ManchuCandidate: Please don’t forget Huck and Newt. I was hoping for a Palin/Jindal Creationist party myself.
obfuscator: Hopefully, though we’d be in for a whole hell of a lot of Jesus. Remember that nauseating debate where all the GOP candidates just talked about how much they wanted to sleep with Reagan? It would be like that times 1000 except with Jesus instead of Reagan; especially when Palin started accusing Jindal of wanting to sacrifice virgins on top of volcanoes or something.
Saddam was known for “Chemical Ali” and Jindal pals around with Louisiana’s famous “Chemical Castration Bill.”
Ok, so the Republican primaries in 2012 are basically down to a woman, a Mormon, and a Catholic Indian-American?

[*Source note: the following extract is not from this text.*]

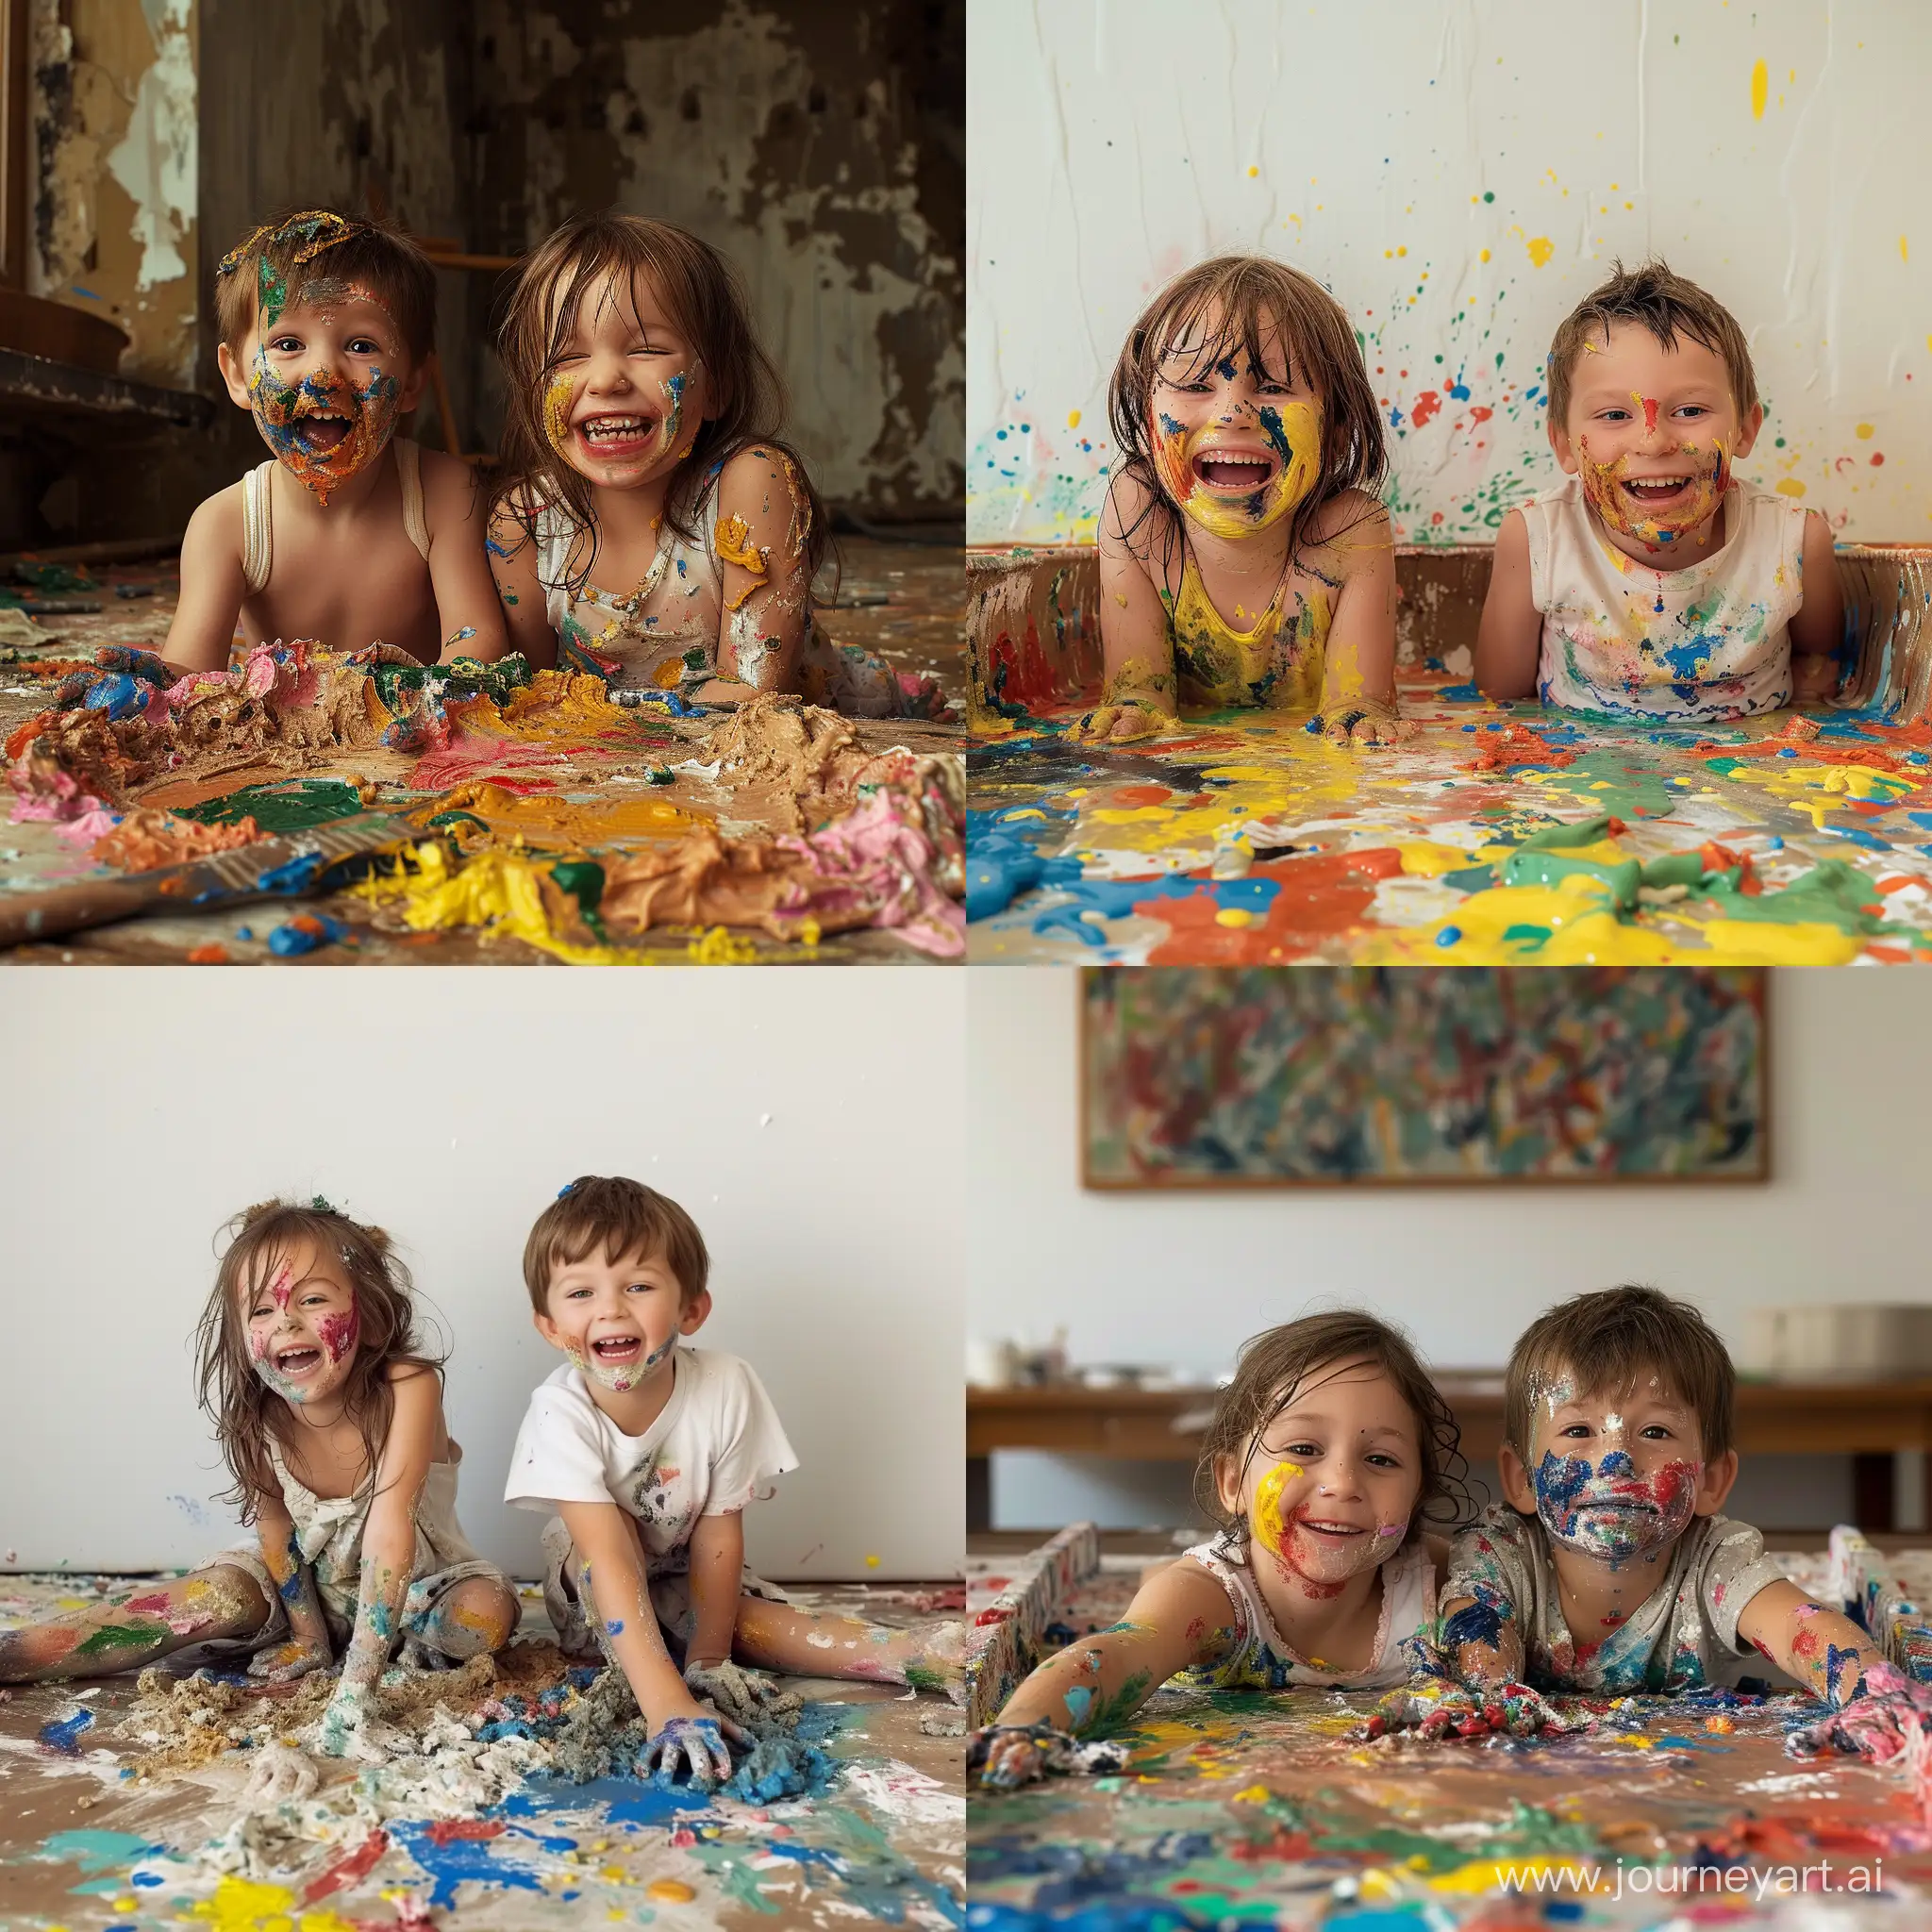 Мальчик и девочка веселятся, играют и перемазались в строительной краске всевозможных цветов, оставленной родителями для ремонта квартиры, фотография, гиперреализм, высокое разрешение

HAHAHAHAHA OMG I can’t wait. It will be like the 2008 Democratic primaries all over again, except everyone voting in it will be from West Virginia, metaphorically.
Bobby Jindal Dodged A Bag of Dicks In ‘08.
Fixed.
answerbird: If it’s Bobby vs. Barry, I’m afraid that RON PAUL 2012 will win 86% of the white vote.
Gorillionaire: His parents were both grad students (just like Barry’s parents). And he worked at McKinsey. So I guess he comes from the nerdy/hardworking part of India. Basically, he’s another of those uppity “elitists” (read: coloreds) that Sarah Palin detests so much.
Here’s hoping that, one way or the other, we’ll have a nerdy smart guy for President over the next 8/12 years.
Jindal’s probably a pedophile or something. Who knows exactly what? But nobody can deny he has the crazy eyes. He even scares them.
I found their candidate for 2012
It’s this little fucker, the political equivalent of the antichrist.
http://img55.imageshack.us/img55/2105/alteredpoolbaby3ag5.jpg
gmauer@gmail.com: I hope he helps New Orleans. N.O. is all Louisiana’s got. And btw, wasn’t it disgusting how unwelcoming Baton Rouge was of New Orleanians after Katrina? And how it tried shunning NOLA all together thereafter? That is until it realized that it can’t survive without NOLA. Baton Rouge is the dingleberry that NOLA can’t get rid of.
Jindal is a tool of Big Curry. http://kandabatata.wordpress.com/2007/10/23/piyush-jindal-thanks-india-for-her-support/
answerbird: Hindoo vs. Muslim. Can America survive?
Cogito Ergo Bibo: Good point.If Jindal makes it to the election, it’ll look too much that the Republicans are outsourcing their campaign to an Indian.
Jindal 2012 has begun. As we speak, Jindal has a camera crew tailing him, hoping to get Biden to order a Slurpee from him on camera.
Another perspective on why Bobby Jindal said “No thanks” to McCain’s offer to ruin him: http://democralypsenow.blogspot.com/2008/11/louisiana-gov-bobby-jindal-declines.html
norbizness: I was thinking something like this.
Reuters had a cooler picture, but I couldn’t find it in Google.
But actually that was just my halloween costume this year.
OzoneTom: Oh duh, here’s the one that I was looking for…
I read an article in the CSMonitor back when he was running for guv, but I can’t recall if he is Hindu or Christian.
If he runs we will all, of course, work our asses off photoshopping him in giant turbans like the guy into the picture above and totally putting him into weird Hindu ceremonies.
And, of course, carry a red felt marker with us to put a dot on the forehead of any poster we see with this guy featured.
It’ll be fun–making up shit about how he wants to outsource America to Indian overlords, who will insist that Americans all become vegetarians and quit eating beef. Cows will roam freely in our communities. Farmers and Ranchers will be prosecuted as murderers if they raise anything but soybeans. Sweet Jesus, (something heathen Bobby J would never say) I could sit here all day and think up smears about this guy.
Wow–should we begin now, or wait until he officially announces to torpedo his future?